# What do you guys think?



## AlanSr (Jan 4, 2008)

I'm struggling to find some rims for the goat.....Do you guys know any other sites that would have more info? 

Here is one that I found.....on TireRack it look pretty good on the car.


----------



## AlanSr (Jan 4, 2008)

Here is a guess of what they would look like


----------



## AlanSr (Jan 4, 2008)

Some more options.


----------



## svede1212 (Nov 1, 2005)

It's really hard telling by their web site what you have there. The first one looks nice BUT it's only 17" diameter (and if I was "upgrading" I'd go to 18"s) AND it's only 7 1/2" wide.
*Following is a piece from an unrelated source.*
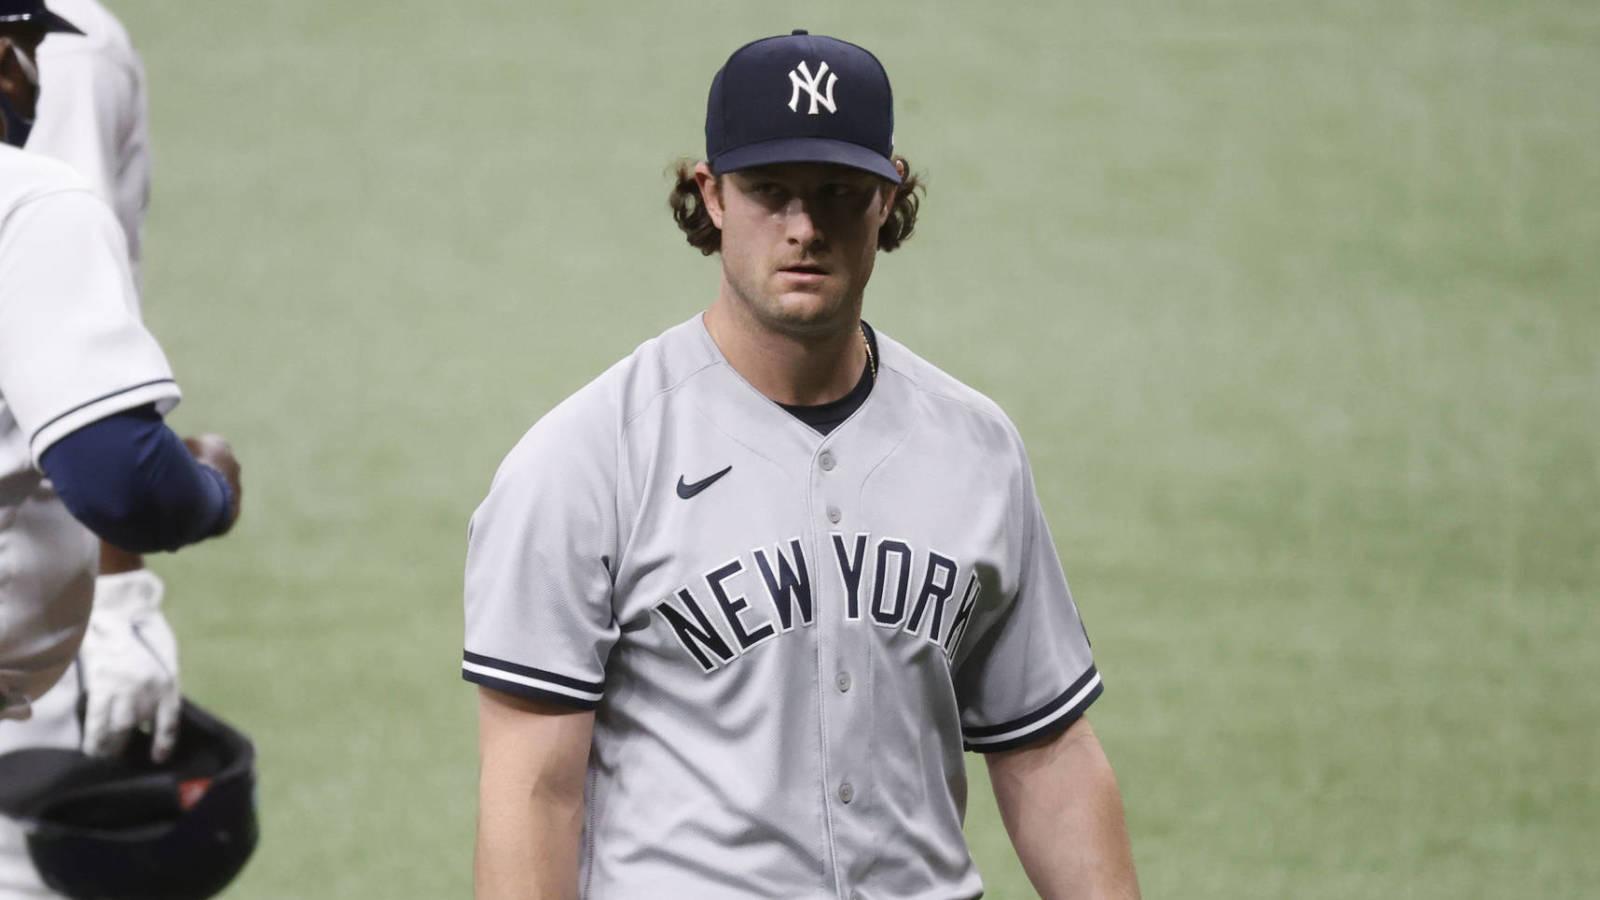 Yankees ace Gerrit Cole doesn't deny handling baseballs

It also doesn't list its offset which is extremely important.


----------



## AlanSr (Jan 4, 2008)

TireRack says they will fit the 05 GTO.

How wide are the stock rims? I wanted to stay with 17's because I didn't want to buy new tires. I just bought new tires about 3 months ago.


----------



## gtomuscle (Dec 11, 2009)

Any of those look good. I still like the chorme wheel, i have 19"s ASA on my 06.:cheers


----------



## LOWET (Oct 21, 2007)

AlanSr said:


> Here is a guess of what they would look like


to be honest with you. I am not a fan of black wheels or wheels with painted or some time of black trim on them. They just have an unfinished look to them. 

Try Wheels | Rims


----------



## fattirewilly (May 26, 2006)

AlanSr said:


> TireRack says they will fit the 05 GTO.
> 
> How wide are the stock rims? I wanted to stay with 17's because I didn't want to buy new tires. I just bought new tires about 3 months ago.


Stock 17's are 8" wide.


----------



## 87GN06GTO07IRL (Aug 10, 2009)

I like your last choice out of the three.


----------



## jpalamar (Jul 22, 2008)

If I were you I would drive your car as is. Then when you need new tires upgrade to 18s(OEM or aftermarket). 17s feel small, 18s are just right, 19s are just to big IMO.


----------



## 68greengoat (Sep 15, 2005)

Since you just bought new tires, it "should" be a long time b/4 you need another set. I wouldn't want to wait if I was interested in new rims now. Given the 3 options, I vote for #1.........


----------



## MikeTheDiabetic (Mar 16, 2010)

last choice outta the three all the way. thats exactly what i want for mine but in an 18"


----------



## Suburb Thuggin (Jul 23, 2009)

Personally, I wouldn't go with the first ones. I hate that kinda mix of black and chrome. Go all black or all chrome imo.


----------



## pcviper13 (Dec 1, 2009)

I like the third one. I am not much into all black rims but it does have a nice looking style. 
There is nothing wrong with 17 inch wheels either. I have 17 inchers on my car. I started off putting new tires on it and then ended up getting new rims to fit my tires.
If you drive on average american streets the 17 is a little more forgiving.

Just my $.02.


----------